Bevespi Aerosphere approved in China for patients with COPD

LONDON: AstraZeneca’s Bevespi Aerosphere (glycopyrronium/formoterol fumarate) has been approved in China as a maintenance treatment to relieve symptoms in patients with chronic obstructive pulmonary disease (COPD), including chronic bronchitis and/or emphysema.

The approval by the National Medical Products Administration (NMPA) was based on positive results from the Phase III PINNACLE 4 trial in which Bevespi Aerosphere demonstrated a statistically significant improvement in lung function as measured by trough forced expiratory volume in one second (FEV1), compared to its monotherapy components and placebo, all administered twice daily via pressurised metered-dose inhaler (pMDI) in patients with moderate to very severe COPD.

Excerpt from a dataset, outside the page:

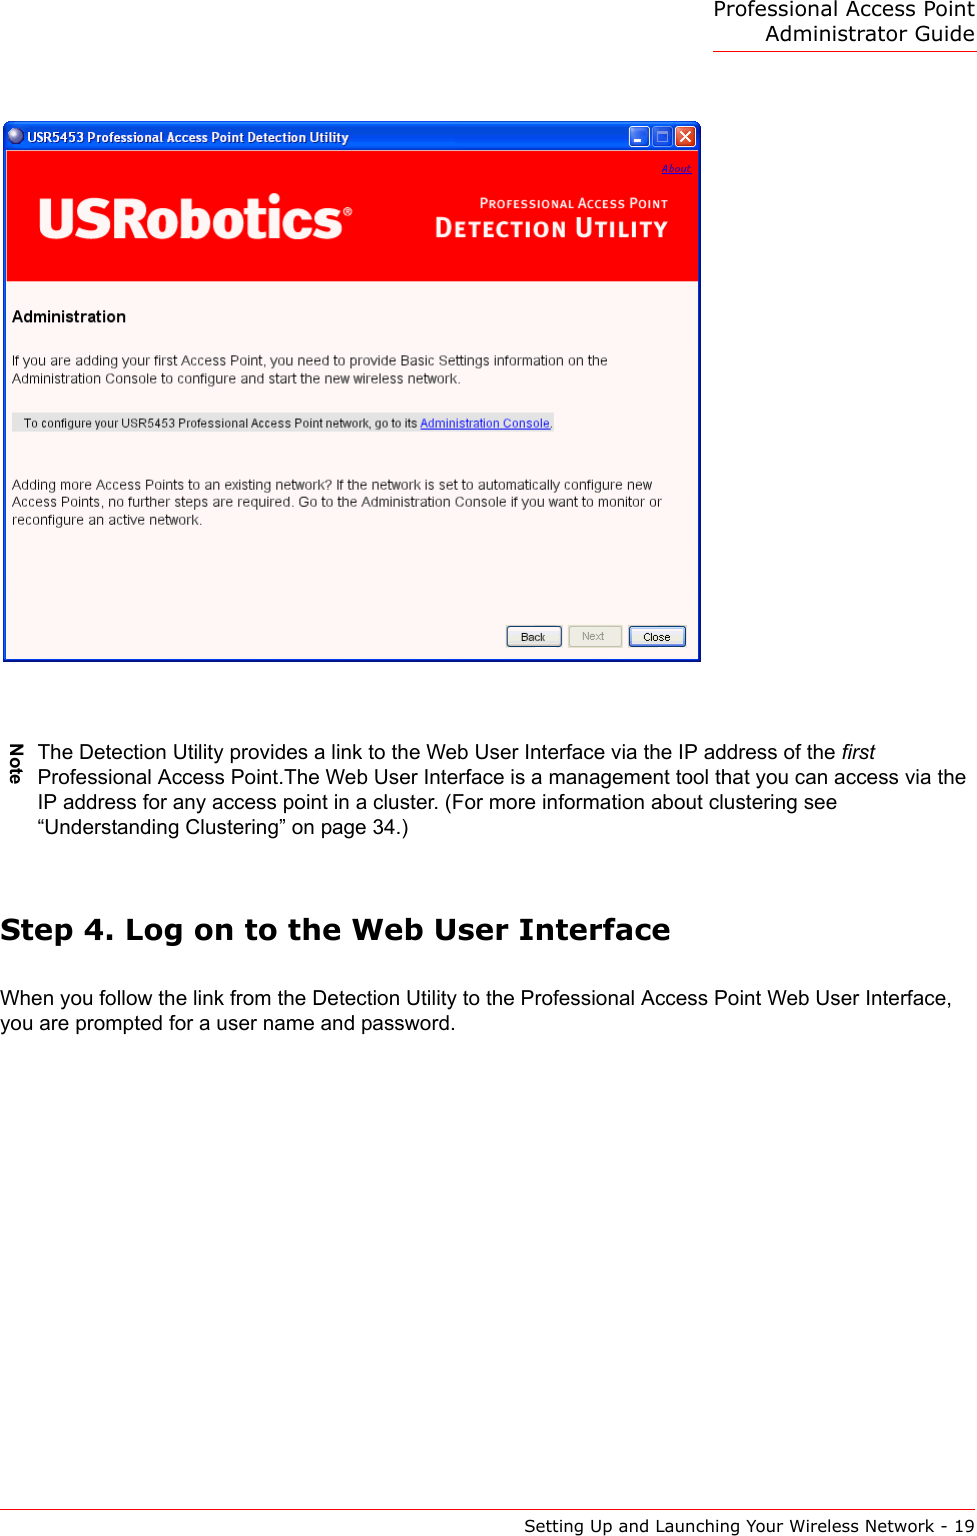 Professional Access Point Administrator GuideSetting Up and Launching Your Wireless Network - 19Step 4. Log on to the Web User InterfaceWhen you follow the link from the Detection Utility to the Professional Access Point Web User Interface, you are prompted for a user name and password.NoteThe Detection Utility provides a link to the Web User Interface via the IP address of the first Professional Access Point.The Web User Interface is a management tool that you can access via the IP address for any access point in a cluster. (For more information about clustering see “Understanding Clustering” on page 34.)

The trial formed part of the broader PINNACLE clinical trials programme showing efficacy and safety and involving more than 5,000 patients across Asia, Europe and the US.

This was the first approval by the NMPA for a maintenance, fixed-dose, long-acting dual bronchodilator combination therapy in a pMDI, which uses the innovative Aerosphere delivery technology.

Mene Pangalos, Executive Vice President, BioPharmaceuticals R&D, said: “Chronic obstructive pulmonary disease affects almost 100 million people in China and presents a significant patient and public health burden. The use of maintenance combination therapies in China is increasing year-on-year and the approval of Bevespi Aerosphere offers an important new treatment and choice of inhaler for patients, particularly those with limited lung function and advanced age who may benefit from using a pressurised metered-dose inhaler.”

Bevespi Aerosphere is already approved in the US, EU, Japan and other countries for the long-term maintenance treatment of moderate to very severe COPD.